What is a surcharge program?
A surcharge program is a type of credit card processing where you charge the consumer an additional fee or surcharge on top of the cost of goods to cover the merchant processing cost.
What is the difference between a cash discount and surcharge program?
A cash discount program and a surcharge program are both payment systems that businesses use to recoup the merchant services fees that are charged each time a customer presents a credit card as a form of payment. A surcharge program adds on an additional fee at checkout to cover the merchant services fees. A true cash discount program gives the customer a discount for cash payment by avoiding any additional costs. In many establishments that offer a cash discount program, the regular price or posted prices on each item are prices for credit card payment. Any payment card method other than cash keeps the price of goods the same to cover credit card processing costs but using cash will reduce the cost by up to 4%. With our cash discount credit card processing, your customers will love you. When it comes to offering a credit card surcharge vs cash discount, which will your customer appreciate more? No one likes to feel nickeled and dimed with added fees (isn’t that why you are here?), but everyone loves a discount.
Are debit cards subject to surcharge fees?
No, surcharge fees are not able to be applied to debit cards or other forms of prepaid cards, like gift cards. Surcharge fees are directed towards credit card purchases, not cash purchases, as a merchant savings from credit card fees. Debit card transactions are not charged the same fees and have a different fee structure from credit cards or gift cards. Debit cards are charged a flat fee when presented as a means of payment. The prohibition on debit cards is nationwide while customers who pay using American Express, Discover, Visa and Mastercard can be subject to additional fees in certain states. Visa Mastercard and others within the payment card networks can have a surcharge added to their final total, but not debit cards. Surcharge program fees are often referred to as customer service fees as they are associated with fixed costs.
What are the average fees for credit card processing?

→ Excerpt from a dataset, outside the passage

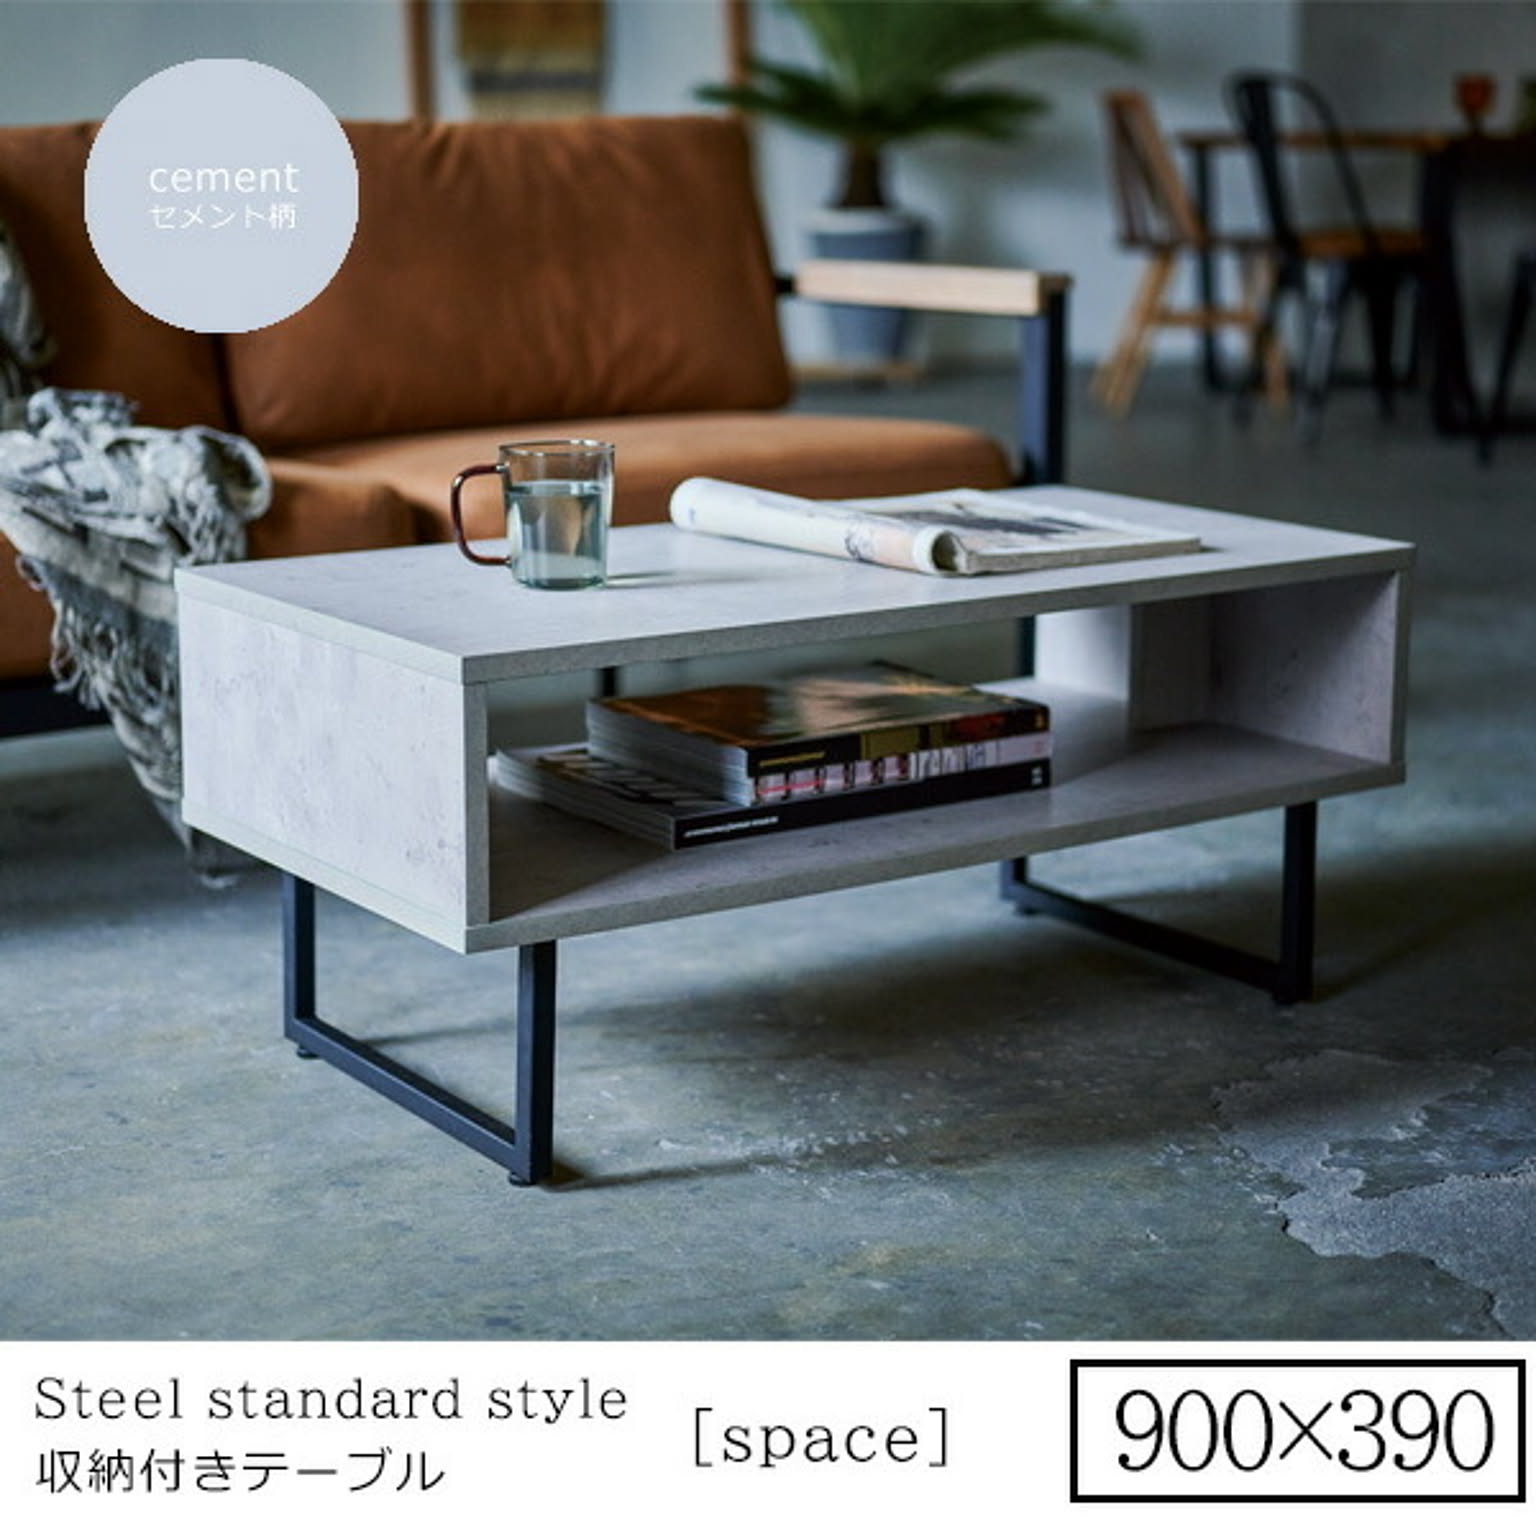 900x390 ： シンプル収納リビングテーブル 【space】セメント柄  (アーバン) センターテーブル コーヒーテーブル リビング 
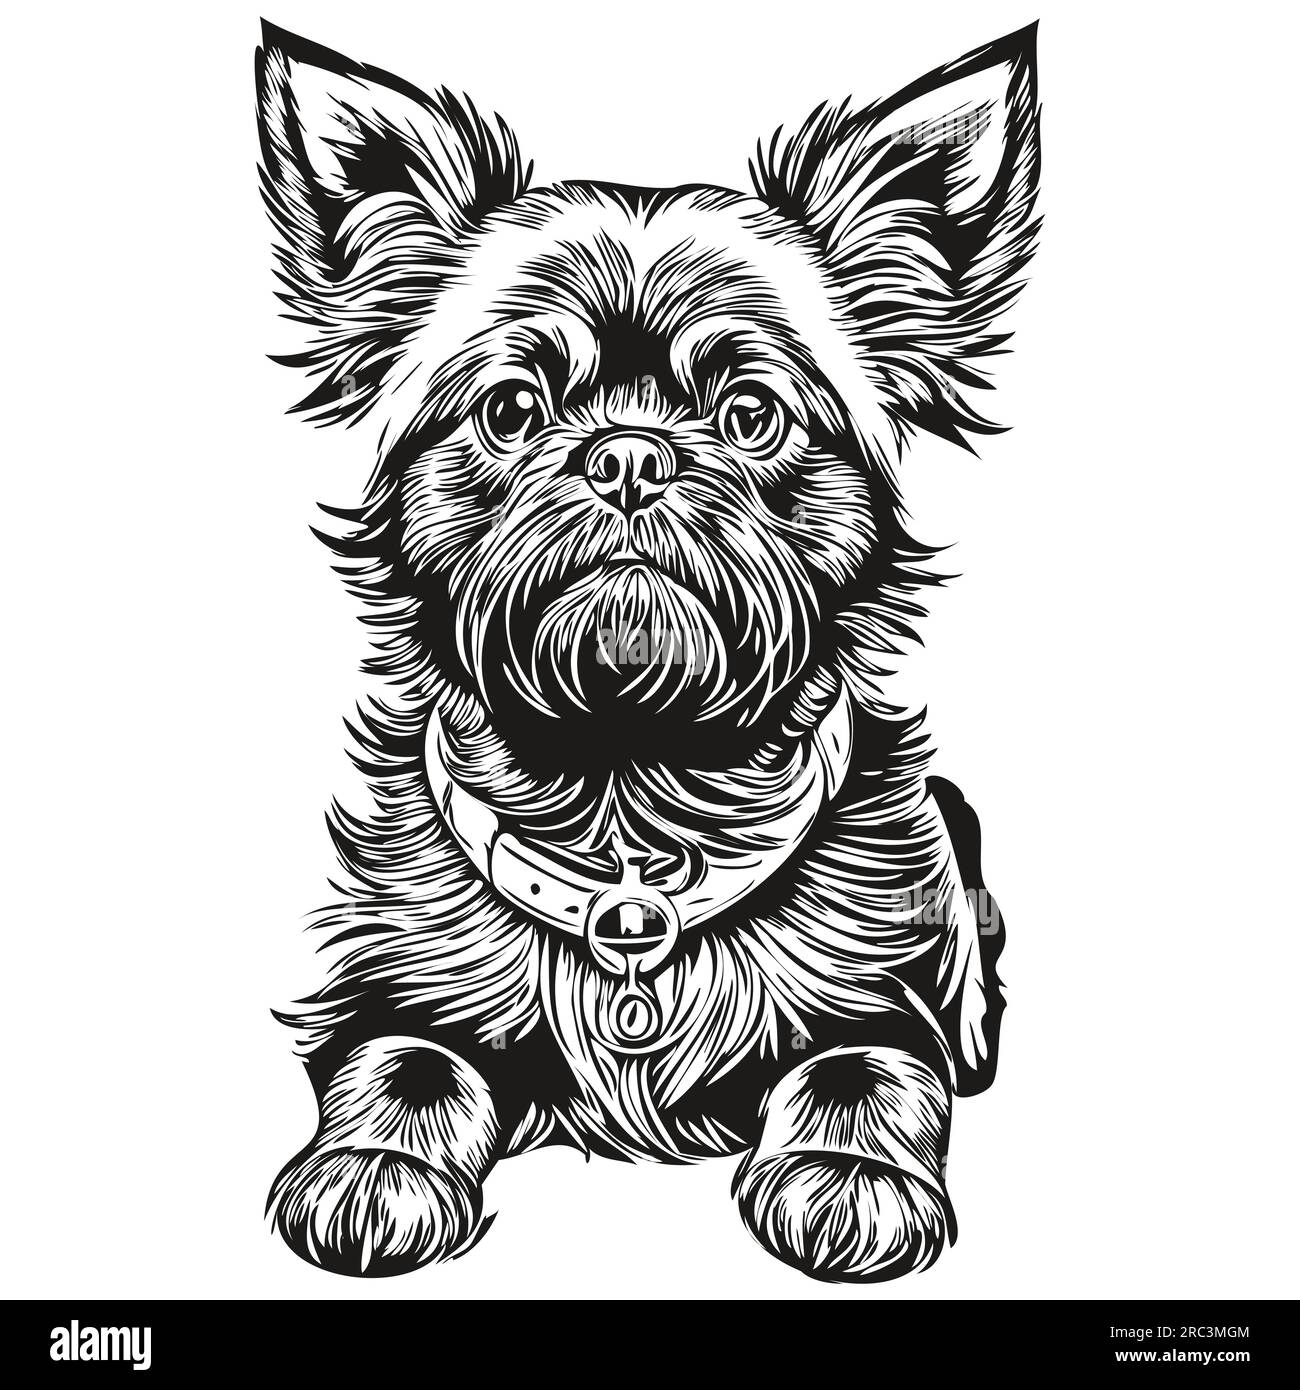 Portrait vectoriel de visage de chien Affenpinscher, dessin d'esquisse de fond blanc drôle illustration d'animal de compagnie Illustration de Vecteur

The average fees for credit card processing fall in the 2-4% range for most businesses. Each merchant account has a set credit card transaction rate it charges qualified cards, mid-qualified cards, and non-qualified cards. The rate differs in most cases on each credit card transaction. Actual payment processing fees and monthly fees are determined by the card types, and any merchant fees are added on top of the actual cost to process a credit payment.
A merchant’s card volume and average ticket are taken into consideration by the merchant services provider to determine the fees that will be assessed to accept credit cards. Higher card volume and a low average ticket would be given a different rate percentage and swipe fee than those with low card volume and a higher average ticket.
Mobile payments and online payments through a virtual terminal also have a different fee structure depending on whether the card is present or absent during the transaction. The rate a business is charged is based on risk, but usually averages out to be between 2-4% of the transaction value.